Use of psychotropic drugs is widespread in Europe, and is markedly more common in France than elsewhere. Young adults often fare less well than adolescents on health indicators (injury, homicide, and substance use). This population-based study assessed disparities in psychotropic drug use among people aged 18–29 from different socio-occupational groups and determined whether they were mediated by educational level, health status, income, health-related behaviours, family support, personality traits, or disability.


A total of 1,257 people aged 18–29, randomly selected in north-eastern France completed a post-mailed questionnaire covering sex, date of birth, height, weight, educational level, occupation, smoking habit, alcohol abuse, income, health-status, diseases, reported disabilities, self-reported personality traits, family support, and frequent psychotropic medication for tiredness, nervousness/anxiety or insomnia. The data were analyzed using the adjusted odds ratios (ORa) computed with logistic models.
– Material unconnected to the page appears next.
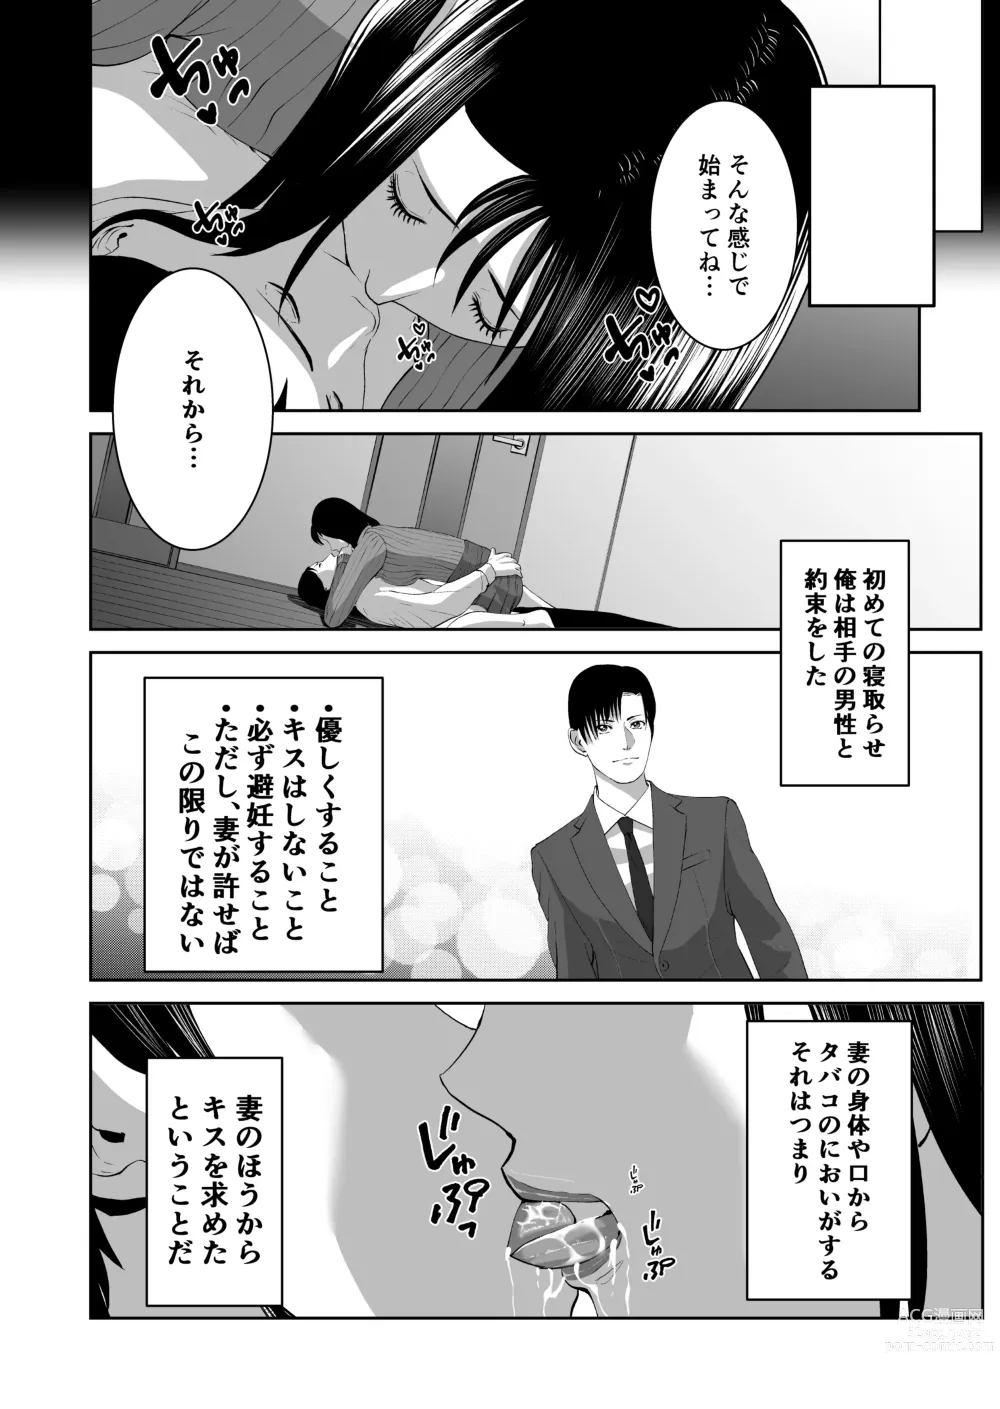 Page 12 of doujinshi Anata no Tame Dakara

Use of psychotropic drugs was common (33.2%). Compared with upper/intermediate professionals, markedly high odds ratios adjusted for sex were found for manual workers (2.57, 95% CI 1.02–6.44), employees (2.58, 1.11–5.98), farmers/craftsmen/tradesmen (4.97, 1.13–21.8), students (2.40, 1.06–5.40), and housewives (3.82, 1.39–10.5). Adjusting for all the confounders considered reduced the estimates to a pronounced degree for manual workers (adjusted OR 1.49, non-significant) but only slightly for the other socio-occupational groups. The odds ratio for unemployed people did not reach statistical significance. The significant confounders were: sex, not-good health status, musculoskeletal disorders and other diseases, being worried, nervous or sad, and lack of family support (adjusted odds ratios between 1.60 and 2.50).


There were marked disparities among young adults from different socio-occupational groups. Sex, health status, musculoskeletal diseases, family support, and personality traits were related to use of psychotropic drugs. These factors mediated the higher risk strongly among manual workers and slightly among the other groups.